|Matthew Henry's Concise Commentary|
5:17-27 Eliphaz gives to Job a word of caution and exhortation: Despise not thou the chastening of the Almighty. Call it a chastening, which comes from the Father's love, and is for the child's good; and notice it as a messenger from Heaven. Eliphaz also encourages Job to submit to his condition. A good man is happy though he be afflicted, for he has not lost his enjoyment of God, nor his title to heaven; nay, he is happy because he is afflicted. Correction mortifies his corruptions, weans his heart from the world, draws him nearer to God, brings him to his Bible, brings him to his knees. Though God wounds, yet he supports his people under afflictions, and in due time delivers them. Making a wound is sometimes part of a cure. Eliphaz gives Job precious promises of what God would do for him, if he humbled himself. Whatever troubles good men may be in, they shall do them no real harm. Being kept from sin, they are kept from the evil of trouble. And if the servants of Christ are not delivered from outward troubles, they are delivered by them, and while overcome by one trouble, they conquer all. Whatever is maliciously said against them shall not hurt them. They shall have wisdom and grace to manage their concerns. The greatest blessing, both in our employments and in our enjoyments, is to be kept from sin. They shall finish their course with joy and honour. That man lives long enough who has done his work, and is fit for another world. It is a mercy to die seasonably, as the corn is cut and housed when fully ripe; not till then, but then not suffered to stand any longer. Our times are in God's hands; it is well they are so. Believers are not to expect great wealth, long life, or to be free from trials. But all will be ordered for the best. And remark from Job's history, that steadiness of mind and heart under trial, is one of the highest attainments of faith. There is little exercise for faith when all things go well. But if God raises a storm, permits the enemy to send wave after wave, and seemingly stands aloof from our prayers, then, still to hang on and trust God, when we cannot trace him, this is the patience of the saints. Blessed Saviour! how sweet it is to look unto thee, the Author and Finisher of faith, in such moments!
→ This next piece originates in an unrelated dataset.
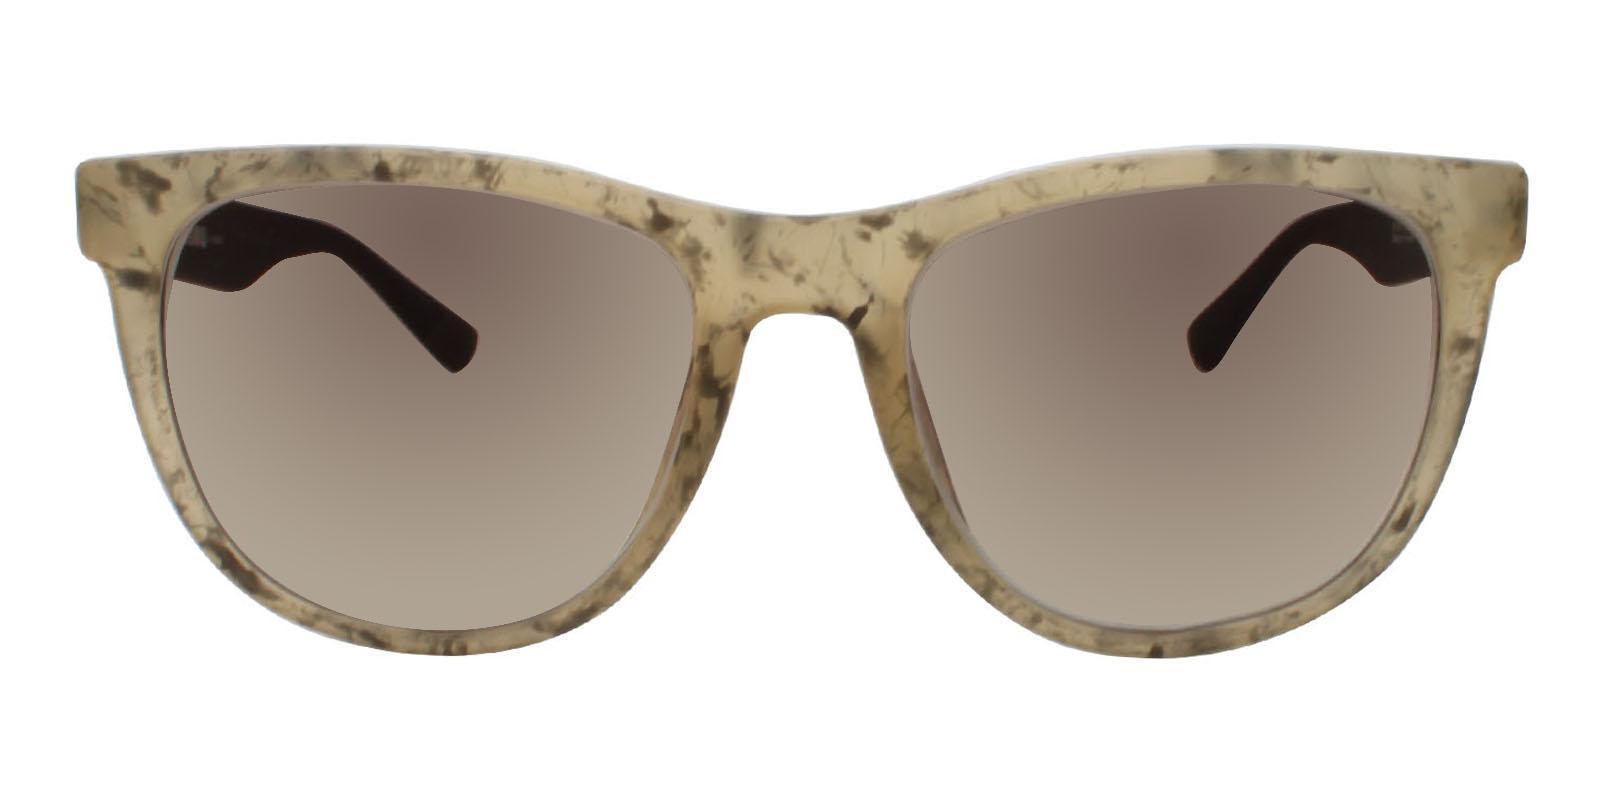 Hallstead Pattern TR Sunglasses , UniversalBridgeFit Frames from ABBE Glasses

Verse 20. - In famine he shall redeem thee from death. Famine appears throughout the whole of Scripture as one of God's severest chastisements (see Leviticus 26:19, 20; Deuteronomy 28:22-24; 2 Samuel 21:1; 2 Samuel 24:13; 2 Kings 8:1; Psalm 105:16; Isaiah 14:30; Jeremiah 24:10; Revelation 18:8). Ezekiel speaks of "the sword, the famine the noisome beast, and the pestilence," as God's "four sore judgments" (Ezekiel 14:21). Miraculous deliverances from famine are related in Genesis 41:29-36; 1 Kings 17:10-16; 2 Kings 7:1-16. And in war from the power of the sword. In war God protects whom he will, and they seem to have charmed lives. They are covered with his feathers, and safe under his wings (Psalm 91:4).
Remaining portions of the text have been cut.